The Federal Home Loan Bank of Chicago (FHLBank Chicago) today announced its preliminary and unaudited financial results for the first quarter of 2025.

“As we embark on a new year, we reaffirm our commitment to being a strong and reliable source of liquidity to our members and the communities they serve,” said Michael Ericson, president and chief executive officer of FHLBank Chicago. “Our financial success enables us to reinvest through our members back into our district with lending and grant programs that increase housing supply and affordability, stimulate local economies and create more resilient communities."

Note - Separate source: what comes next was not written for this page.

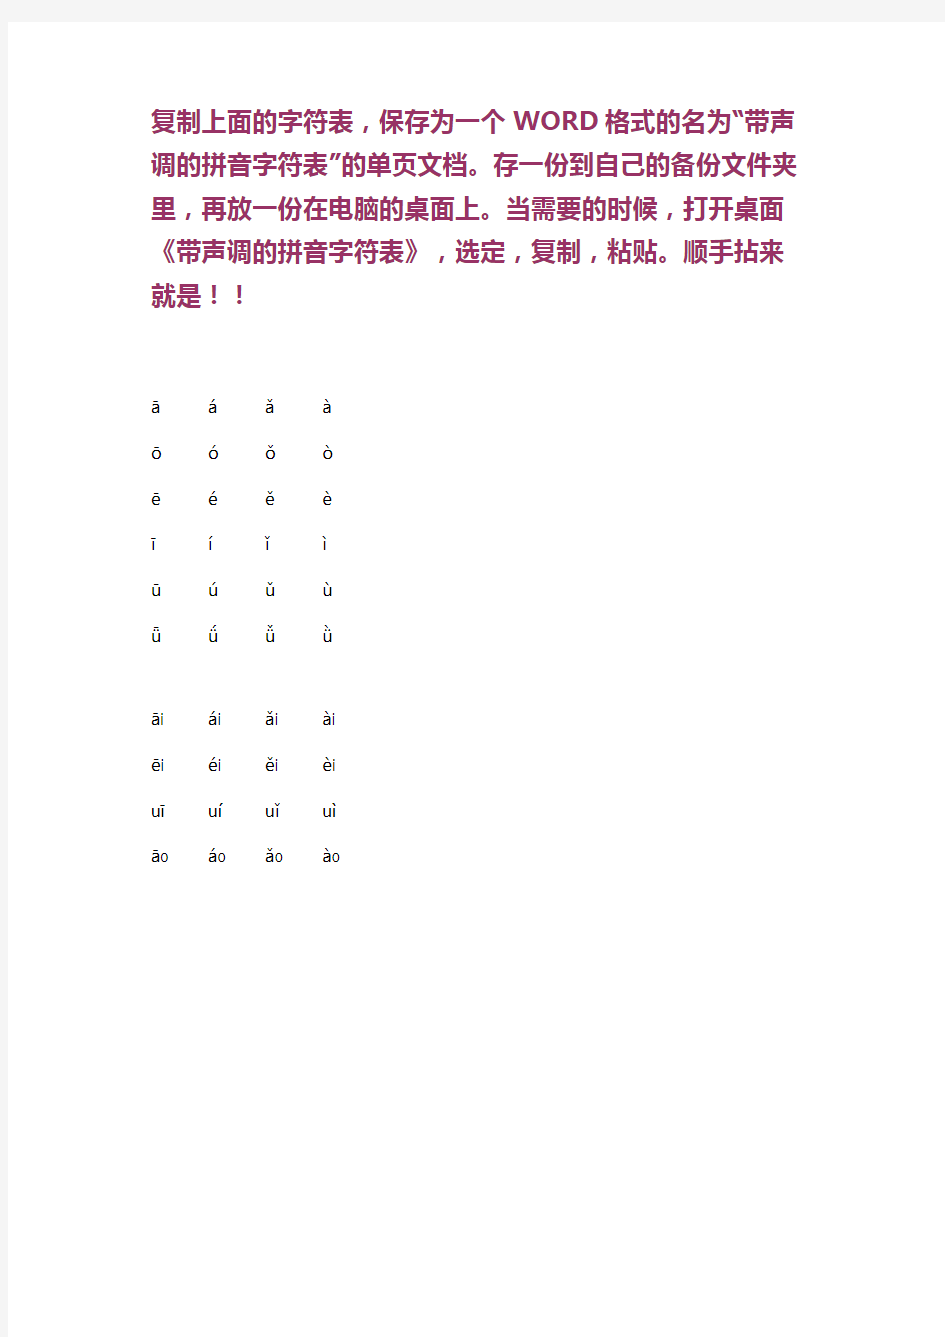 带声调的汉语拼音字符表

First Quarter 2025 Financial Highlights

  • Net income was $158 million, compared to $182 million for the first quarter of 2024 due, in part, to interest rates declining quarter-over-quarter, decreasing net interest income. Additionally, the rise in noninterest expense from increased contributions to housing and community development initiatives also contributed to the decline in net income.
  • Total assets decreased to $126.1 billion, compared to $129.1 billion at December 31, 2024, with the change mostly due to a decrease in our liquidity portfolio.
  • Advances outstanding remained stable at $56.0 billion, compared to $55.8 billion at December 31, 2024.
  • Mortgage loans held for portfolio through the Mortgage Partnership Finance® (MPF®) Program increased to $13.5 billion, compared to $13.3 billion at December 31, 2024, primarily attributable to new acquisition volume that outpaced paydown activity.

Ongoing Commitment to Housing and Community Development

FHLBank Chicago has allocated $52 million toward its 2025 Affordable Housing Program (AHP) General Fund, to subsidize the acquisition, new construction, and/or rehabilitation of affordable rental or owner-occupied housing. The competitive round will be open May 12 through June 20, 2025.

The 2025 Downpayment Plus® (DPP®) grant programs opened this February with a budget of $46 million. These programs allow participating members to help their income-eligible borrowers with down payment and closing costs of up to $10,000.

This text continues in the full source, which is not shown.